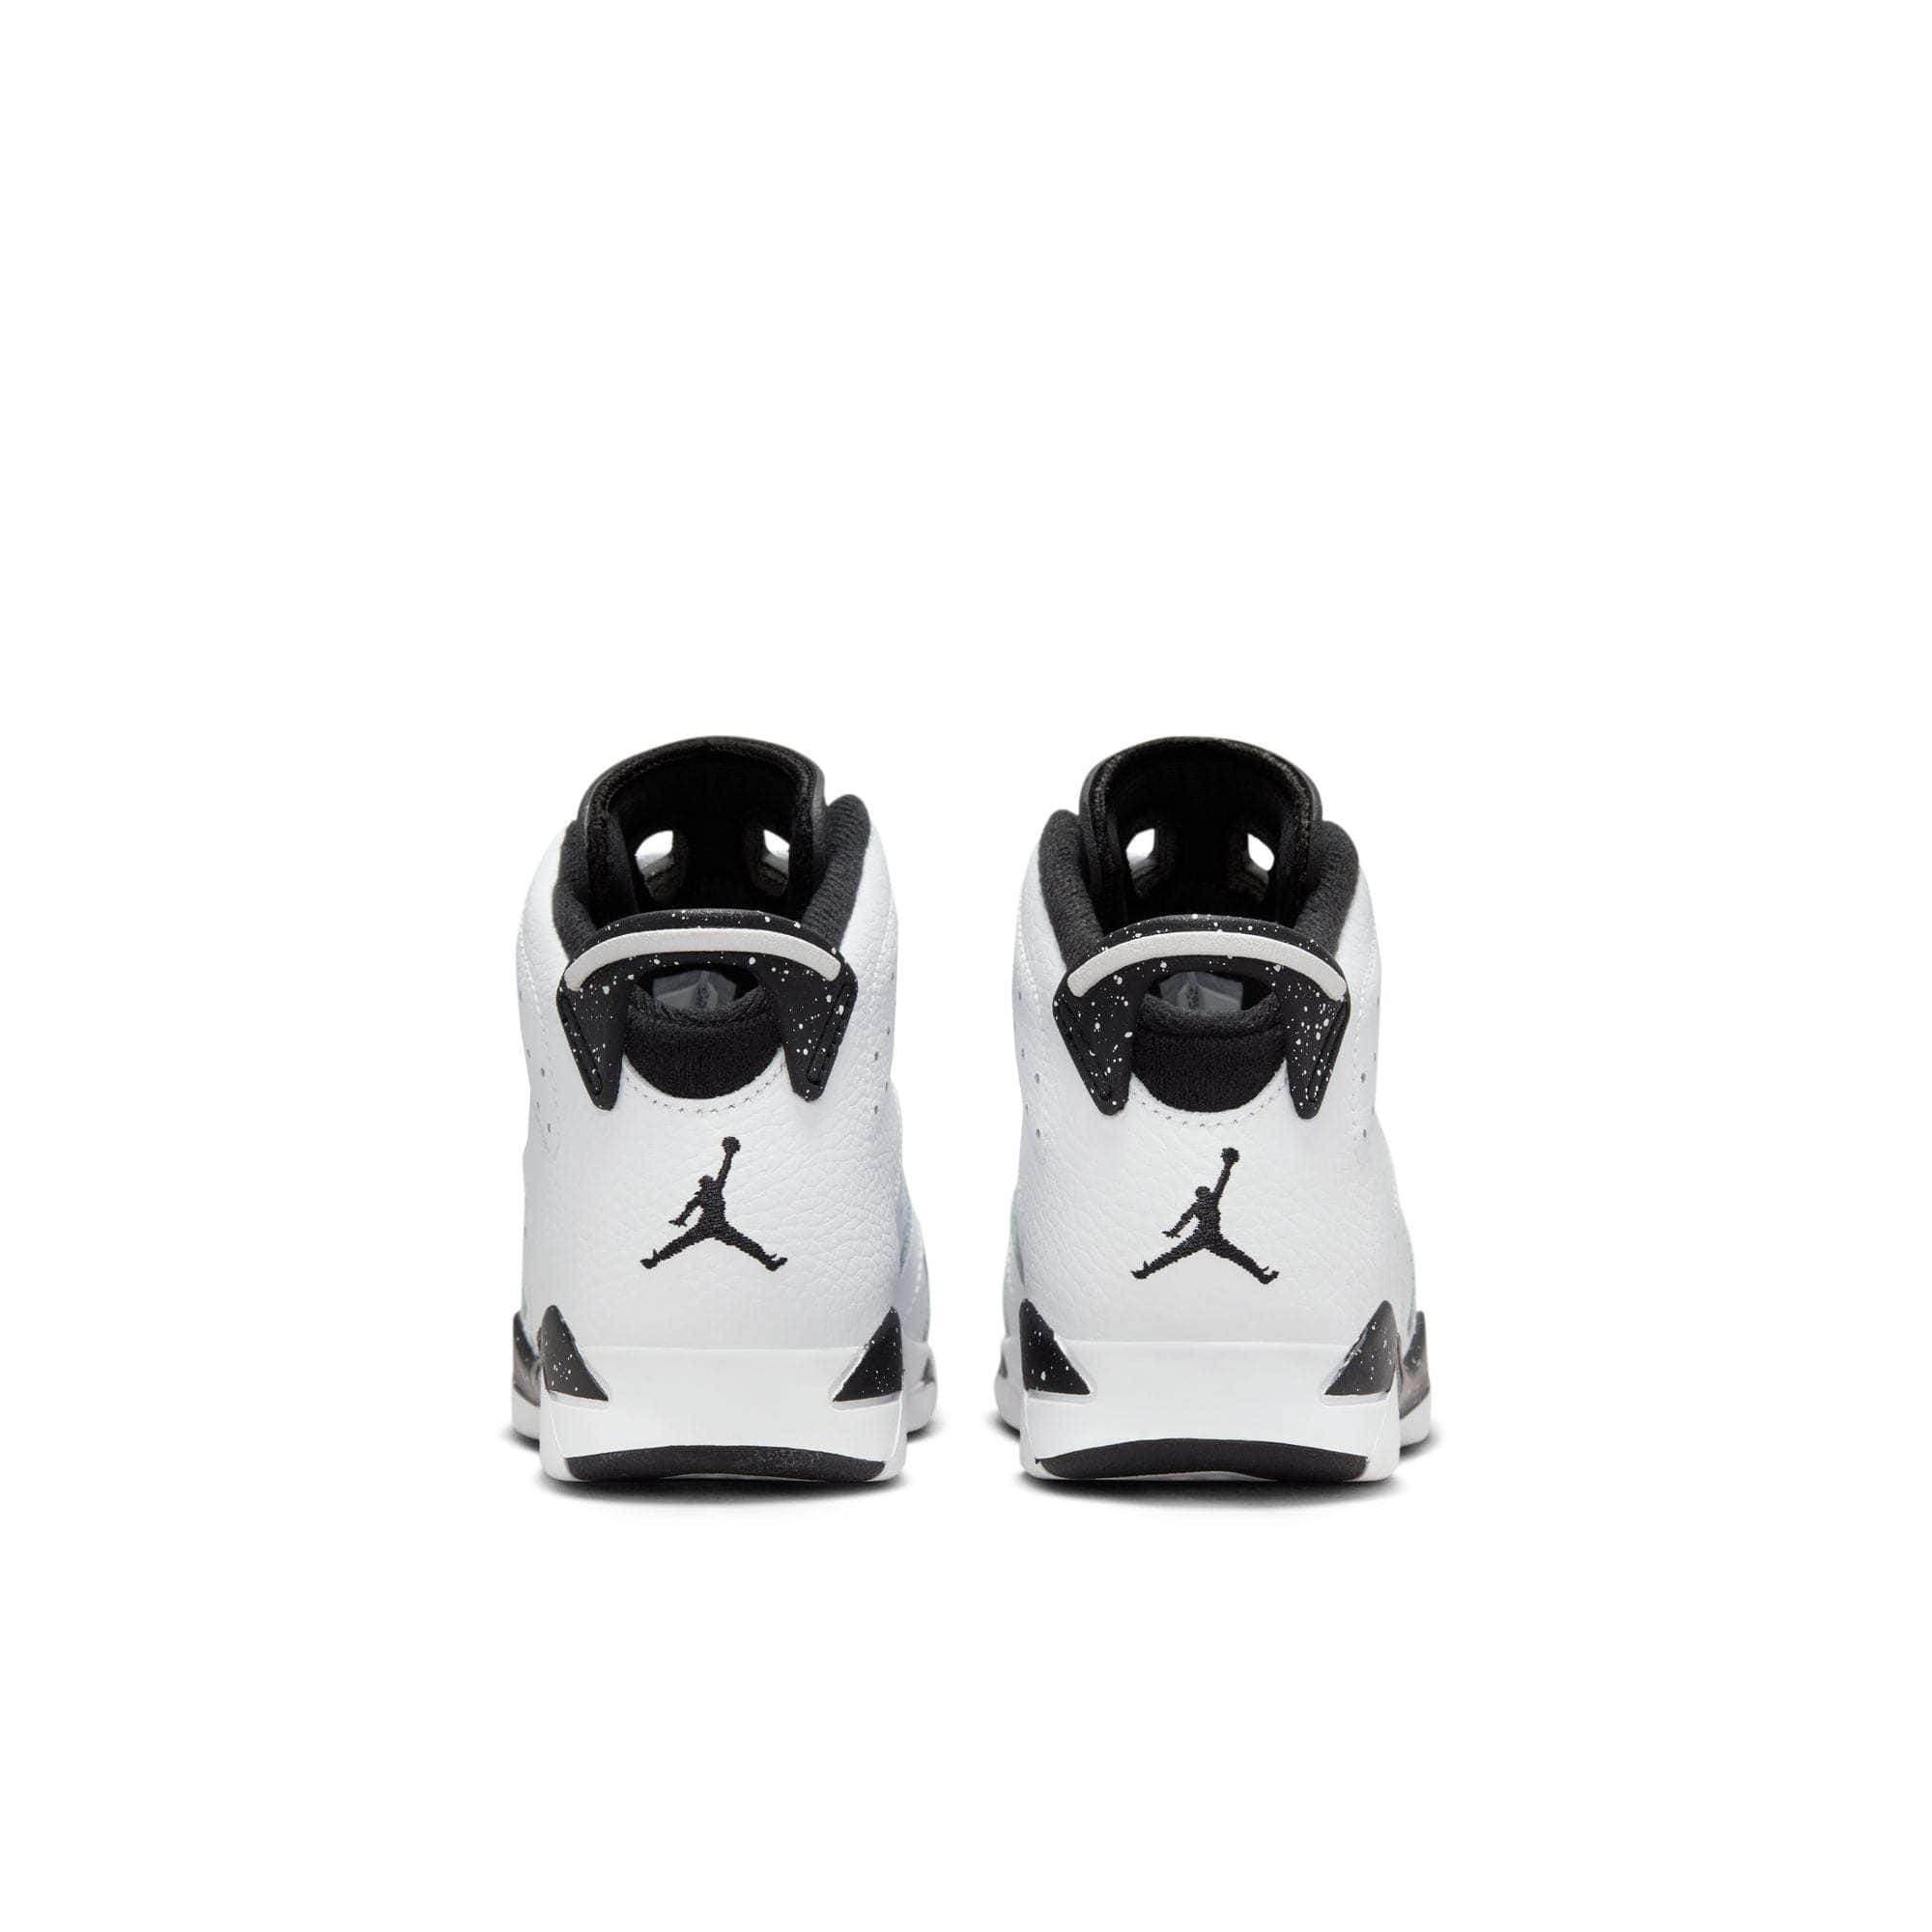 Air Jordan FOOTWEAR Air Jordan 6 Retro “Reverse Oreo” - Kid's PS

##############################

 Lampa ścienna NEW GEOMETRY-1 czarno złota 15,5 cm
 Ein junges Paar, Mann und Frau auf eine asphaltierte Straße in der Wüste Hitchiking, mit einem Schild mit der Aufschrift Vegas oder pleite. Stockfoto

##############################

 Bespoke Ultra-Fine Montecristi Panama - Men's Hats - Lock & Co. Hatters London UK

##############################

▶ [PROMPT] Above are the entries. Output exactly the lines beginning with the line that has "Lampa ścienna NEW" and ending with the line that has "Ein junges Paar, Mann".

▶ [COMPLETED TASK]
 Lampa ścienna NEW GEOMETRY-1 czarno złota 15,5 cm
 Ein junges Paar, Mann und Frau auf eine asphaltierte Straße in der Wüste Hitchiking, mit einem Schild mit der Aufschrift Vegas oder pleite. Stockfoto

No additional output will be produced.